I can’t speak to Puppet, Chef or Saltstack as I’ve never used them.

Addressing these one at a time, not necessarily in the order presented above:

  • Secure
  • Everything is done through SSH tunnels. No passwords, no configuration files, are ever sent over the network in the clear. Set up your SSH keys and you don’t have to worry about typing passwords either.
    There is no agent software running on the managed machines, so there’s nothing to hack.

  • Easy to use
  • “I wrote Ansible because none of the existing tools fit my brain. I wanted a tool that I could not use for 6 months, come back later, and still remember how it worked.”
    Michael DeHaan
    Ansible project founder

  • Efficient
  • No agents, just SSH (or PowerShell with Windows, but I won’t get into that.) The only software required on the managed machine is an SSH daemon and Python.

  • Serverless and Agentless
  • As I’ve already mentioned, there’s no agent running on the managed server. If you can ssh into it and run Python, you’re good to go.
    There is no central server, full of manifests, menus, etc. You can run it from your desktop or laptop. Again, if you have Python, you’re good to go (Python has its own implementation of the OpenSSH client.) Just make sure you back up your playbook and roles. Git is a great place for this!

  • idempotency
  • The is one of the most important! It means you should be able to run your Ansible script against a managed host at any time, and not break it. If anything is not configured the way it is supposed to be, the ansible script will put it back the way it should be. Shell scripts have to be written very carefully to detect if something doesn’t need to be done. It’s also notoriously difficult to modify files with shell scripts (unless you’re really good with tools like sed and awk, or perhaps Perl…)

Some vocabulary before we begin:

  • playbook
  • A file defining which hosts you want to manipulate and what roles you want to apply to those hosts, as well as what tasks you want to run.

  • roles
  • A defined list of tasks to be run when the role is called, as well as any files to be installed, templates to be applied, dependency information, etc.

  • inventory
  • A file listing every server you will manage with Ansible, and what groups they belong to. A host can belong to any number of groups, including none at all, and groups can be members of other groups.

  • host_vars & group_vars
  • Directories with files containing variables specific to certain hosts (host_vars) and host groups (group_vars). These variables are used in your tasks and roles.

Now, on with the discussion of variables. Here was Kathryn’s original question:

How do variables work with dependencies in roles? Meaning, if a role is dependant on another, can it access the variables of the other at run time?
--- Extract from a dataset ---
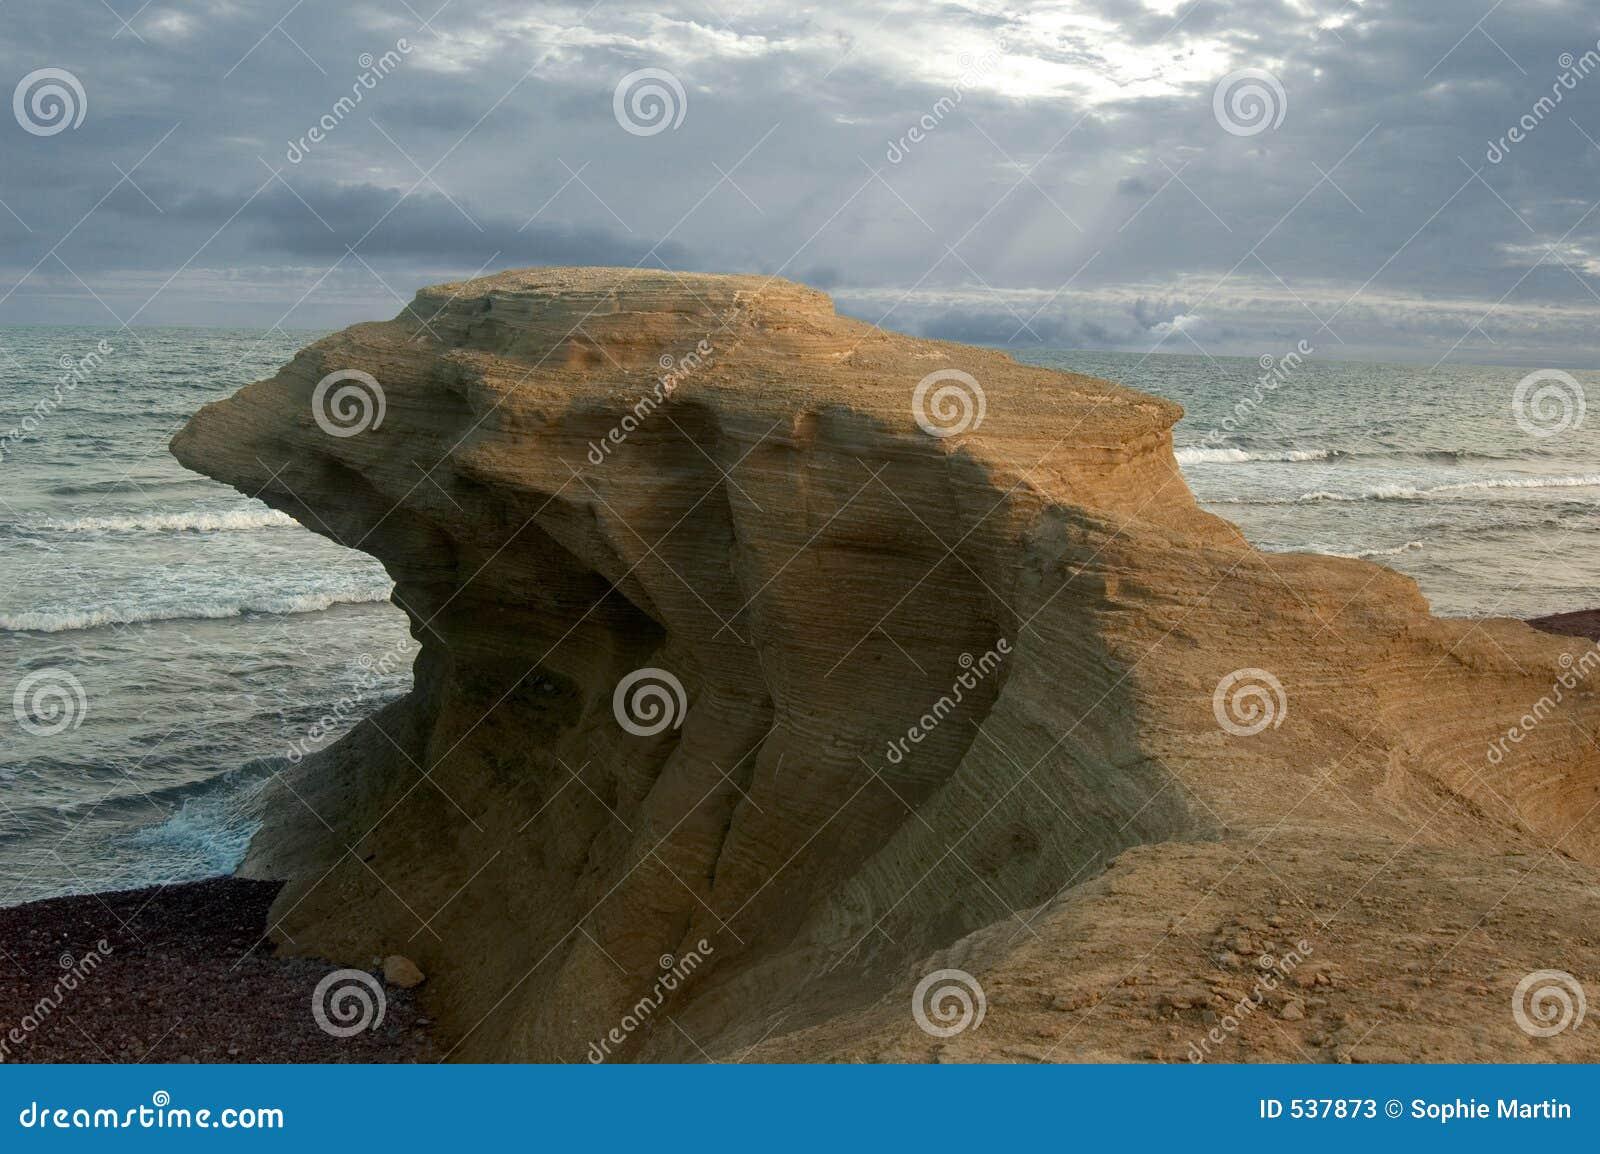 Download 鸟岩石 库存图片. 图片 包括有 火山作用, 石头, 海洋, 火箭筒, 表单, 侵蚀, 横向, 双翼飞机, 旅行 - 537873

I started to answer with an example we use at work: we have a “common” role that sets up some users with specific UIDs that we want on all our servers, and an “apache” role that depends on that common role (e.g.: it needs the wwww user created by common). Kathryn further asked:

Okay, say “application” depends on “common” and “common” has default variables… would “application” pick up “common”‘s defaults?

Yes! For example, we have in our “common” role, a task with a file which pushes out customized /etc/sudoers.d files, depending on what the server will do, what environment it will be in, etc. One of the tasks looks like this:

NOTE: the language used to write Ansible files, Yaml, is whitespace sensitive, however due to the limitations of HTML and my WordPress config, the whitespace is removed from my examples. Do not just cut and paste and expect it to work. You will need to adjust the leading spacing on all lines.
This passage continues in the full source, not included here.